Try it: Return all of the data verbatim, dropping any picture.

Exercise data:
⁂

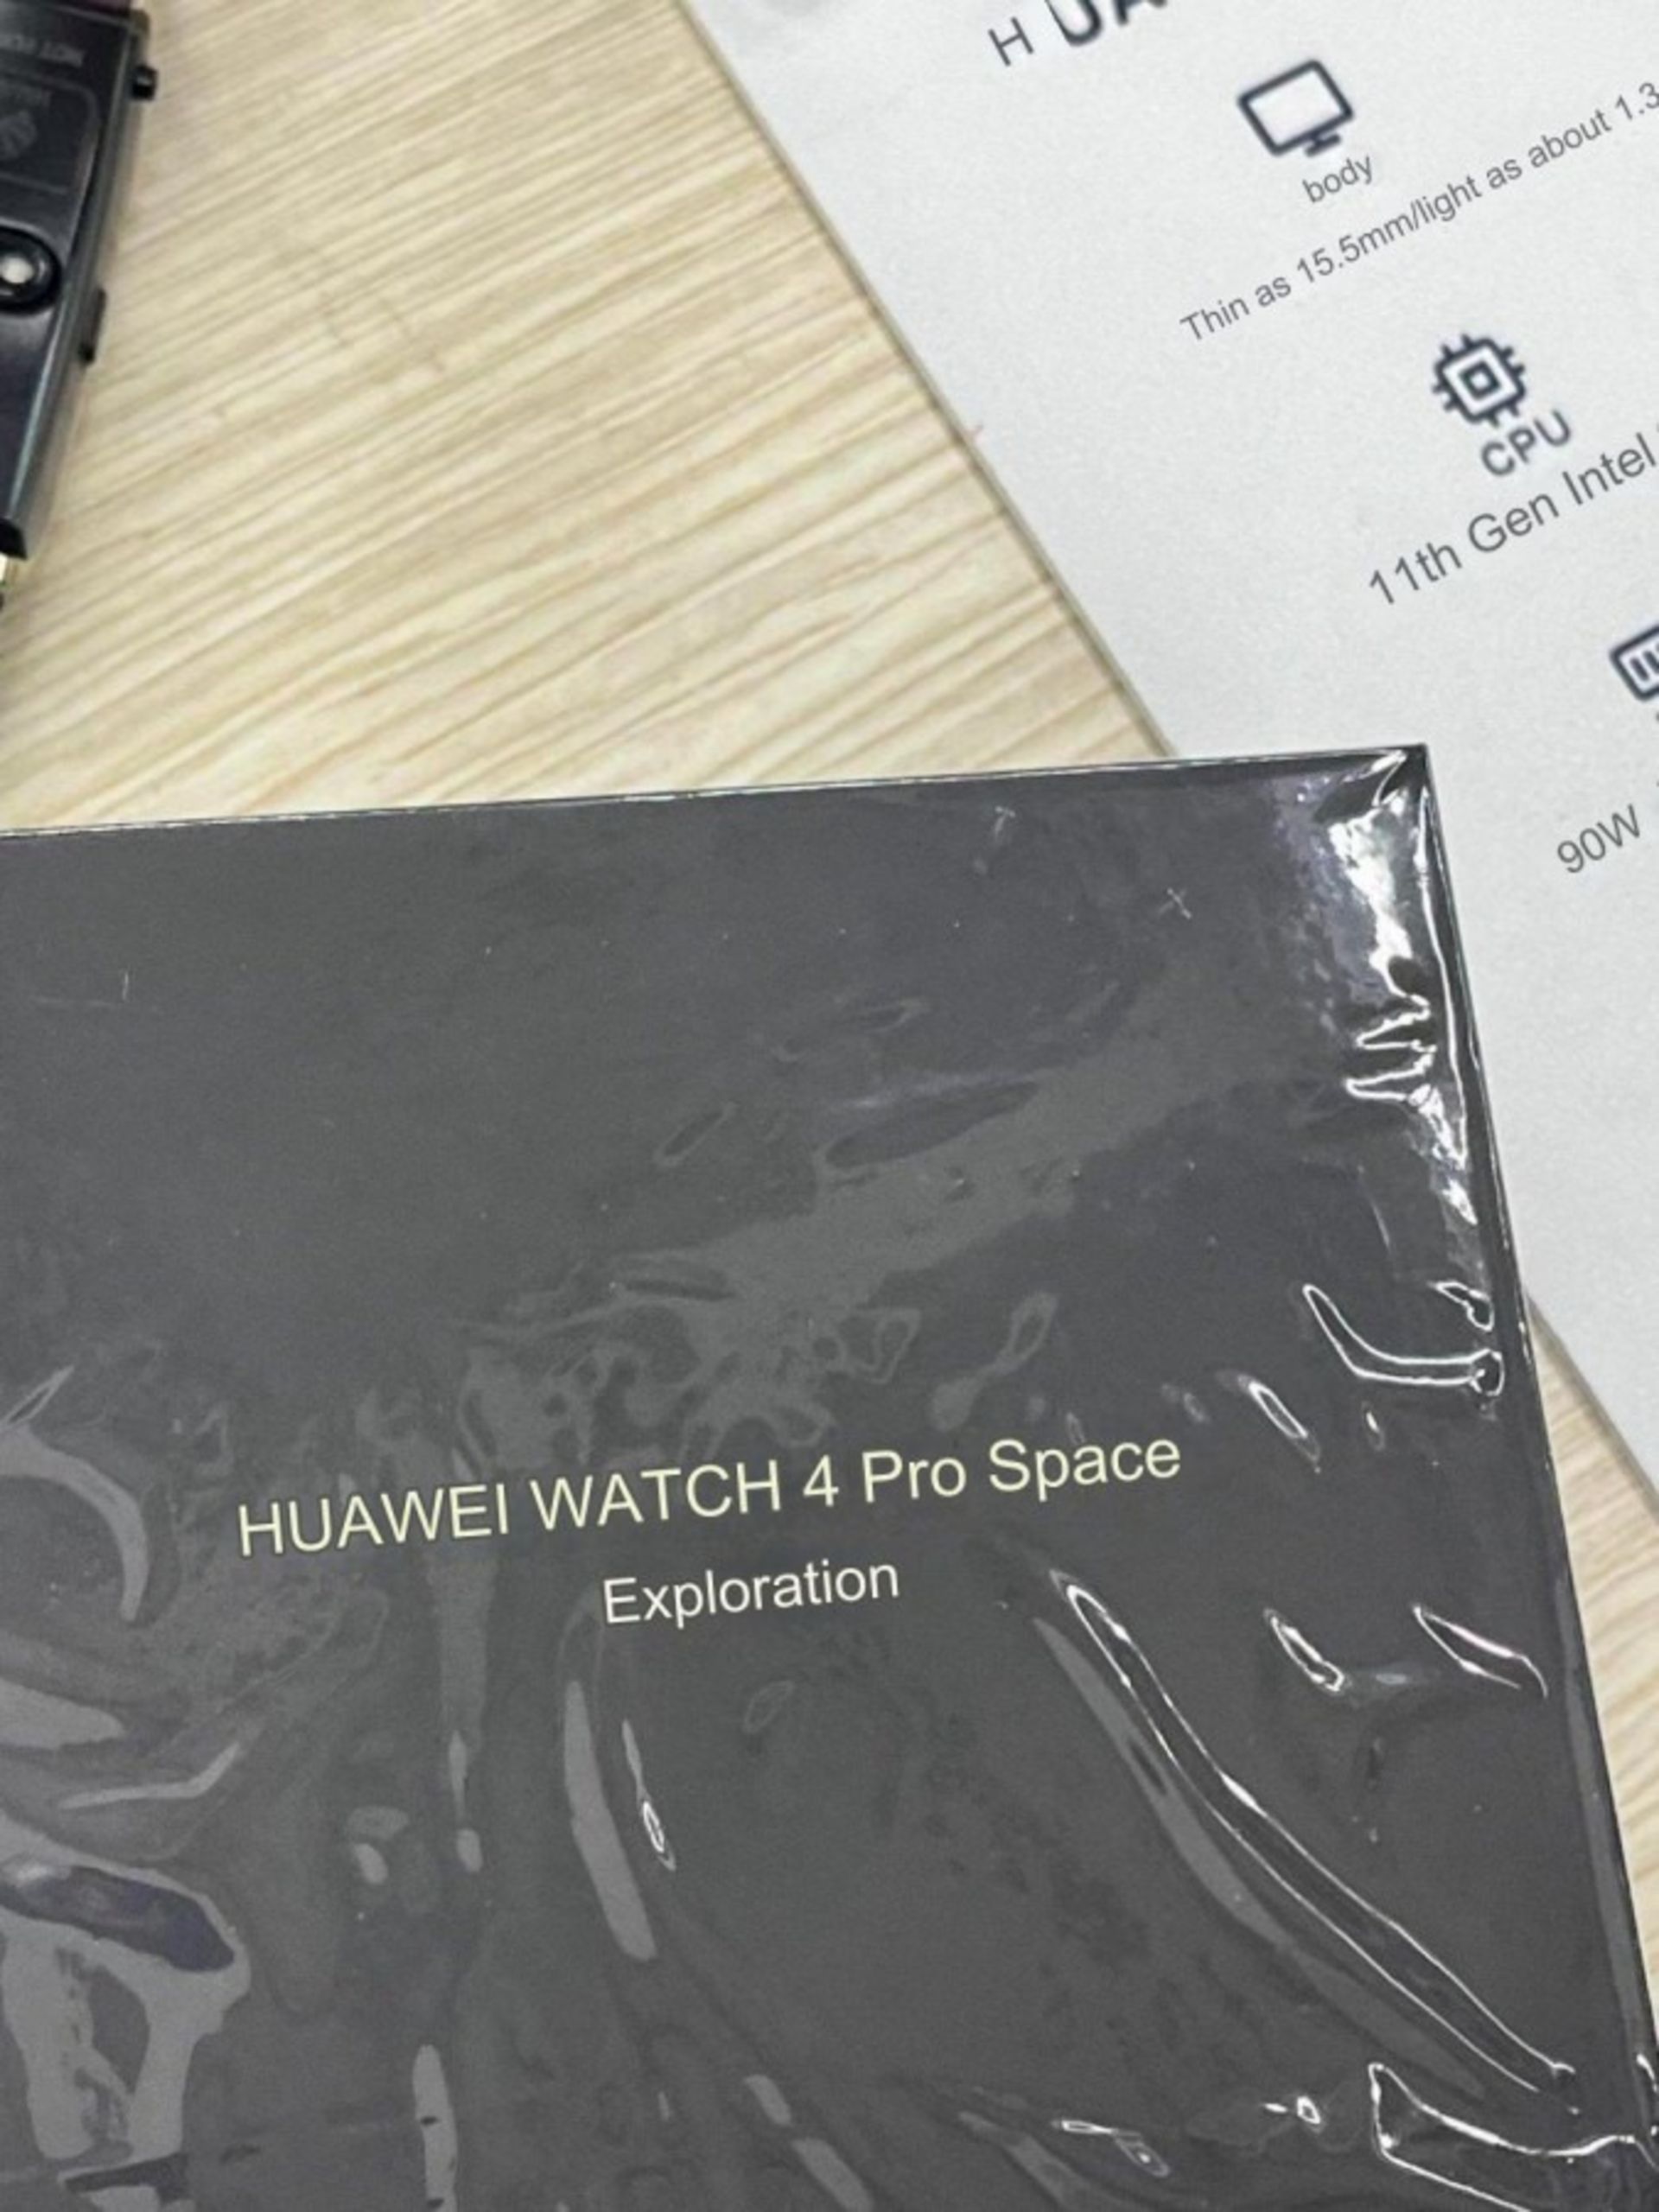 جعبه و کاور ساعت هوشمند هواوی واچ ۴ پرو Exploration Edition در دستان یک کاربر
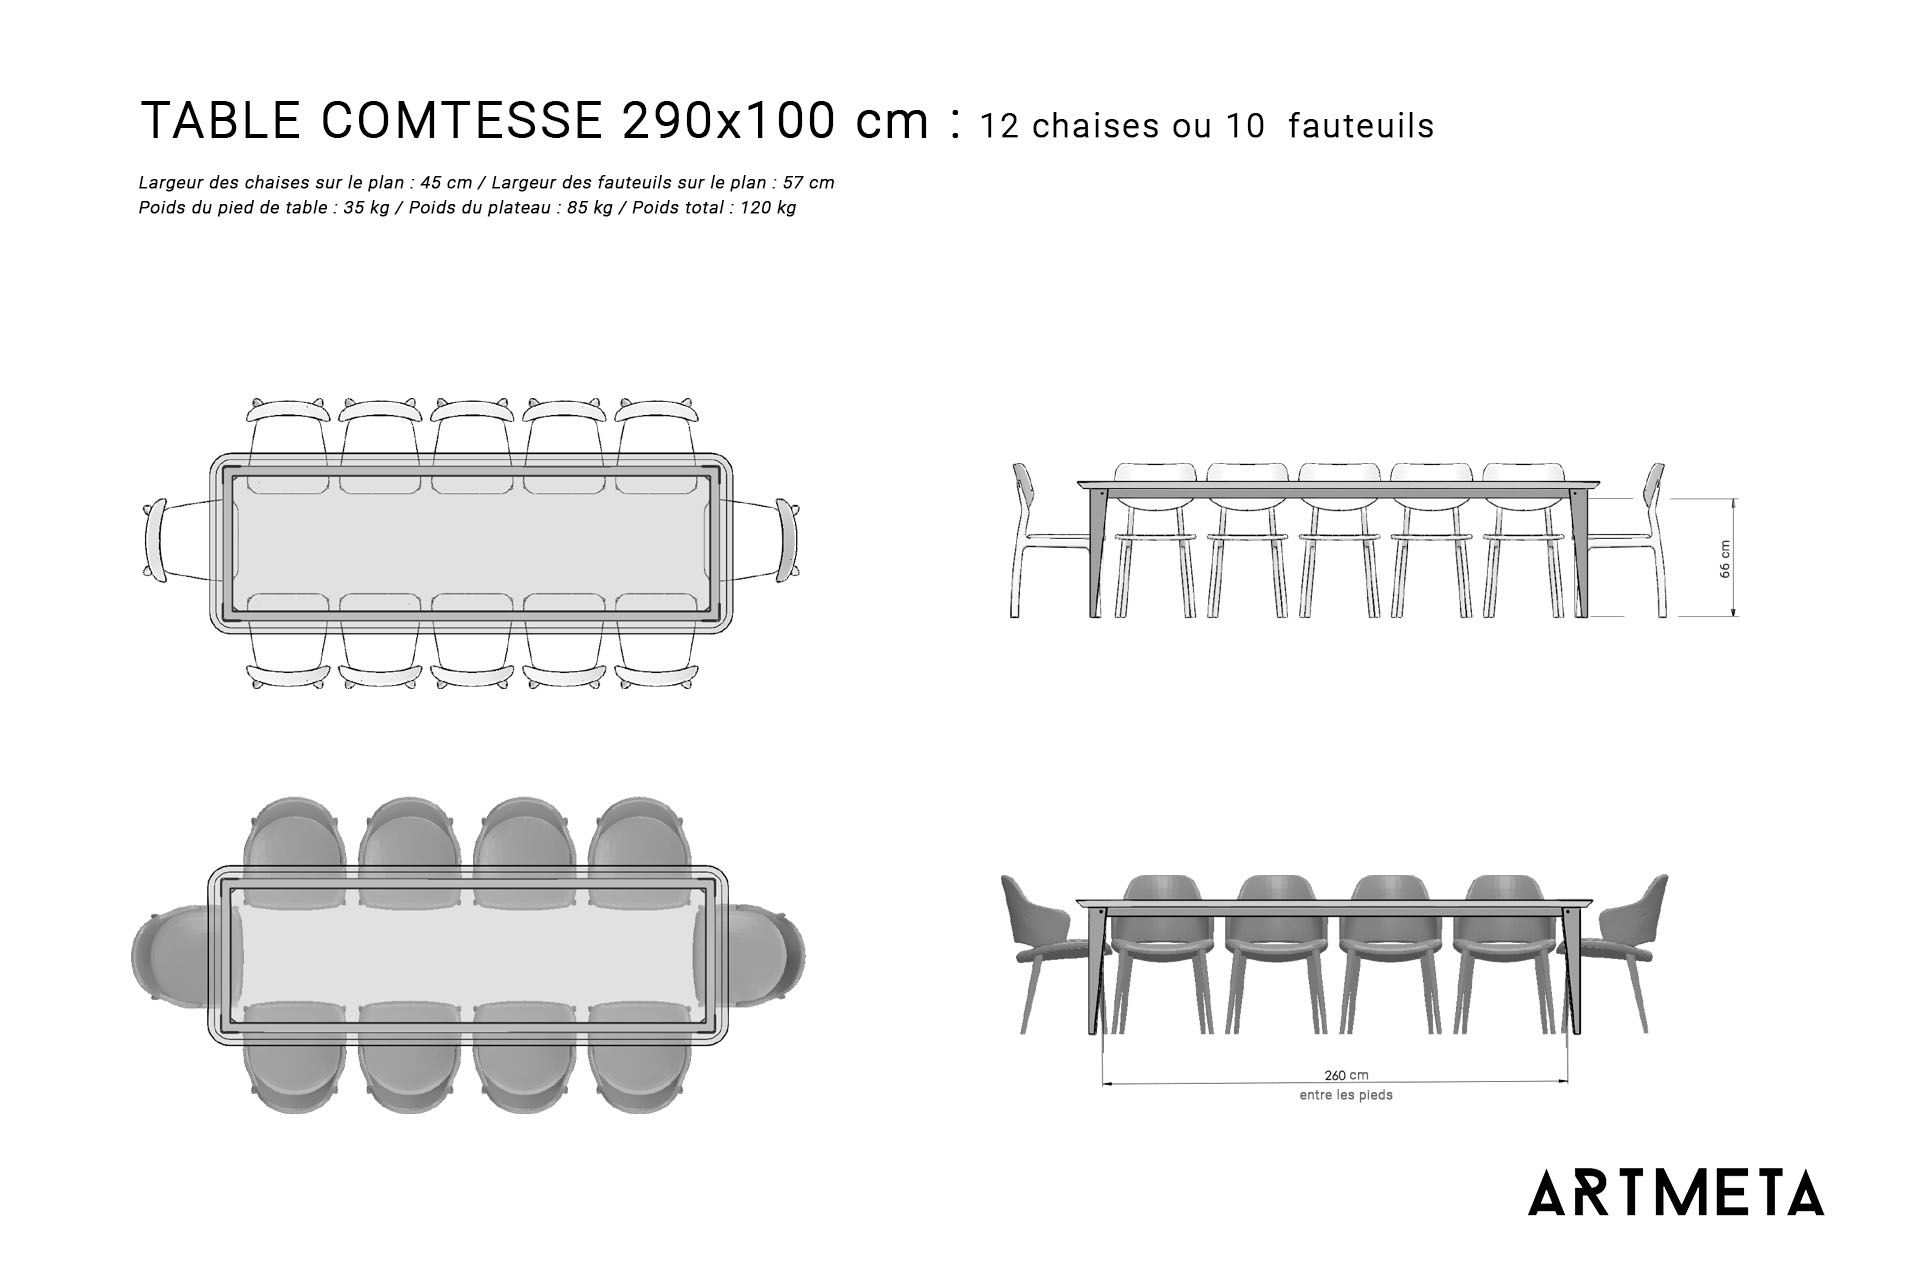 Guide des dimensions / Table à manger pour 10 à 12 personnes / Table en métal et bois modèle Comtesse / Fabrication française ARTMETA
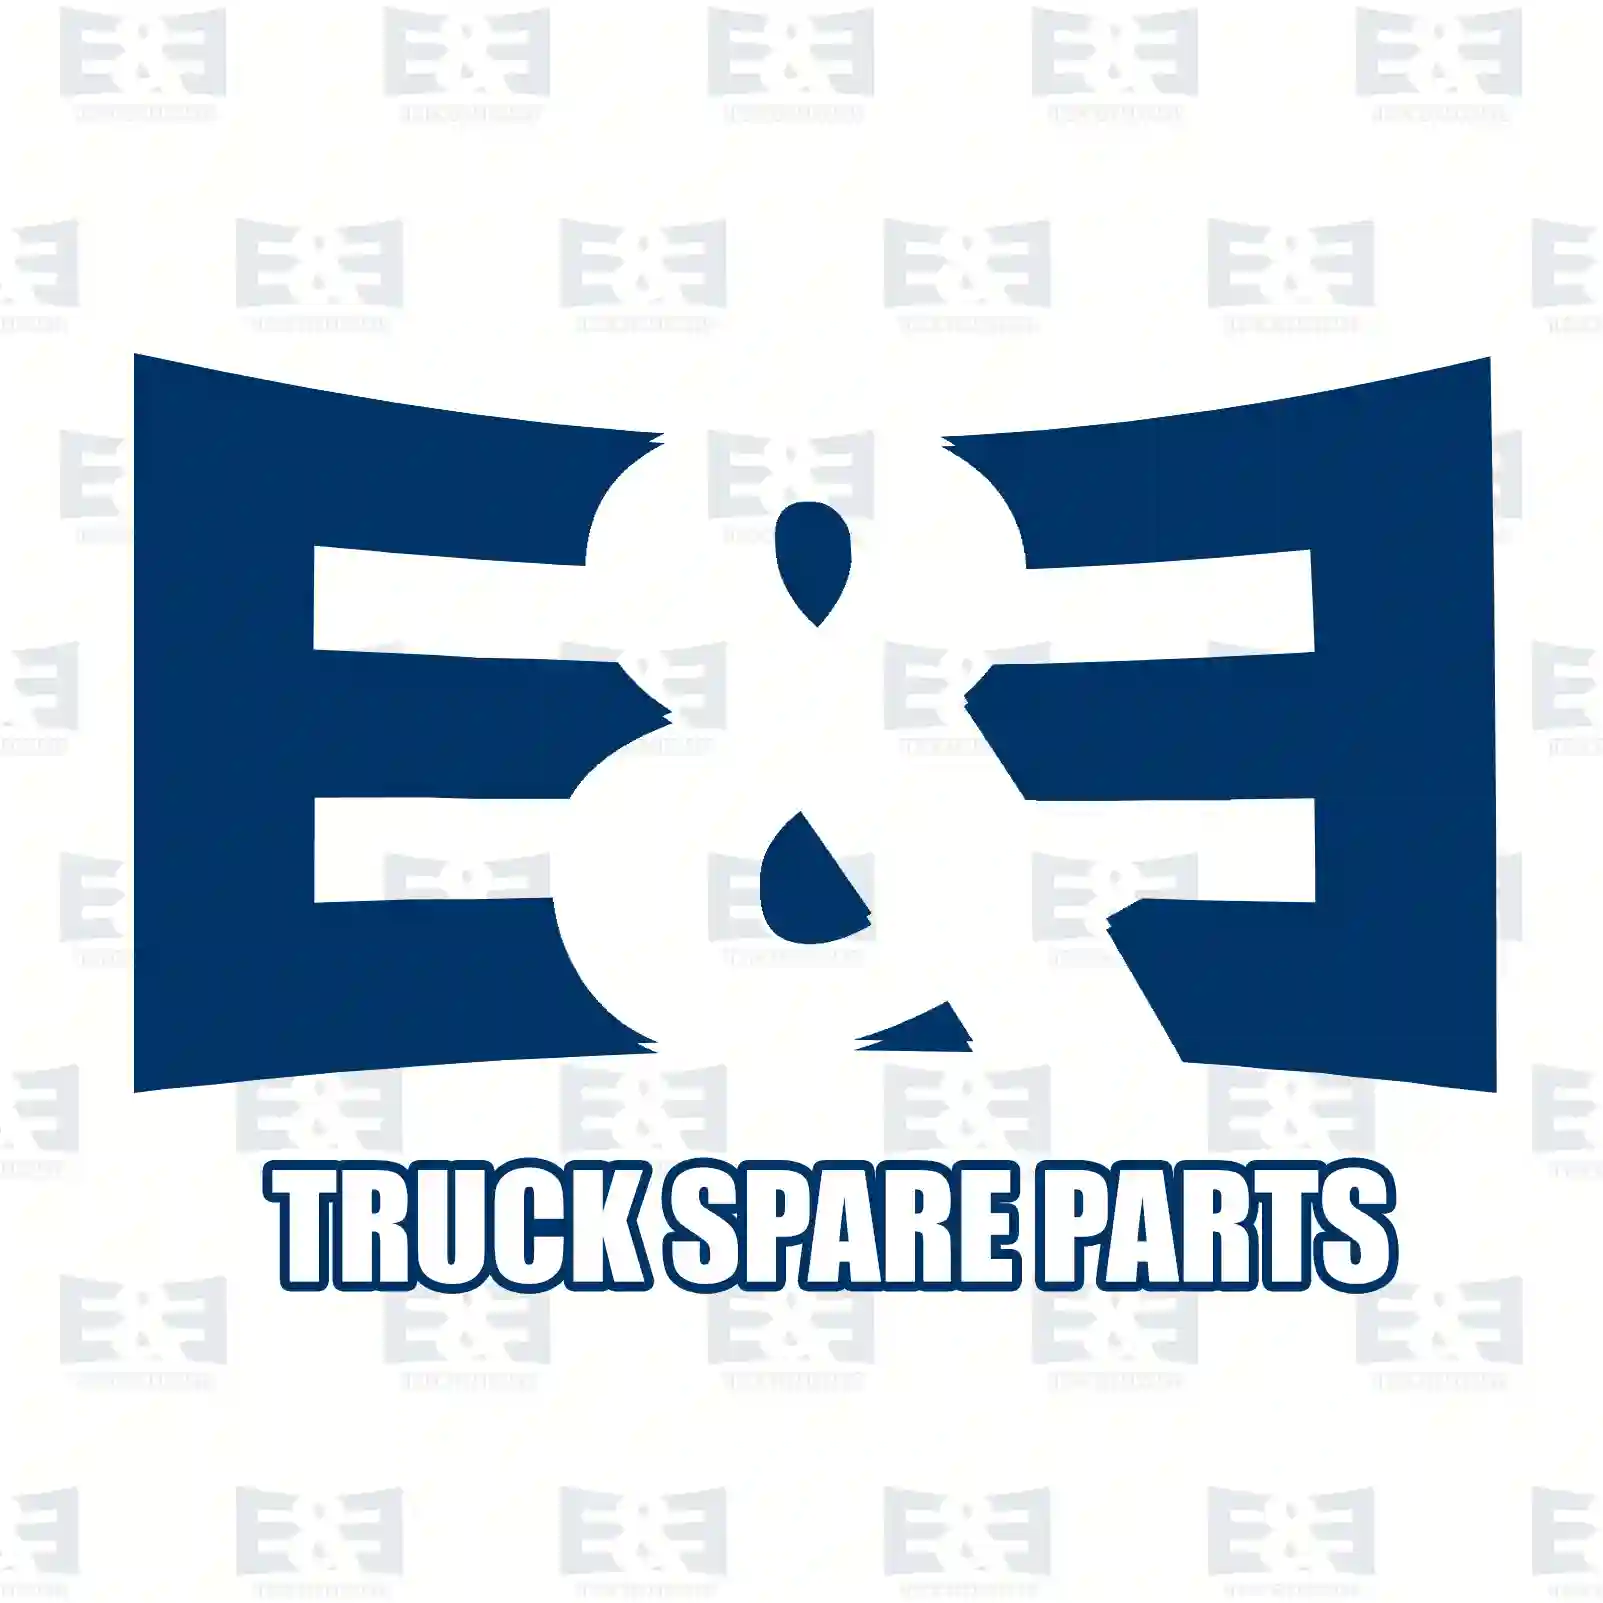 Air tank, 2E2295707, 0014320701, 0014321001, 0014325801, 0014329001, 0014329101, 0034320301, 0044320501, 0054323001, 0064323401, ZG50102-0008 ||  2E2295707 E&E Truck Spare Parts | Truck Spare Parts, Auotomotive Spare Parts Air tank, 2E2295707, 0014320701, 0014321001, 0014325801, 0014329001, 0014329101, 0034320301, 0044320501, 0054323001, 0064323401, ZG50102-0008 ||  2E2295707 E&E Truck Spare Parts | Truck Spare Parts, Auotomotive Spare Parts

⁂

Completed task:
 جعبه و کاور ساعت هوشمند هواوی واچ ۴ پرو Exploration Edition در دستان یک کاربر
 Guide des dimensions / Table à manger pour 10 à 12 personnes / Table en métal et bois modèle Comtesse / Fabrication française ARTMETA
 Air tank, 2E2295707, 0014320701, 0014321001, 0014325801, 0014329001, 0014329101, 0034320301, 0044320501, 0054323001, 0064323401, ZG50102-0008 ||  2E2295707 E&E Truck Spare Parts | Truck Spare Parts, Auotomotive Spare Parts Air tank, 2E2295707, 0014320701, 0014321001, 0014325801, 0014329001, 0014329101, 0034320301, 0044320501, 0054323001, 0064323401, ZG50102-0008 ||  2E2295707 E&E Truck Spare Parts | Truck Spare Parts, Auotomotive Spare Parts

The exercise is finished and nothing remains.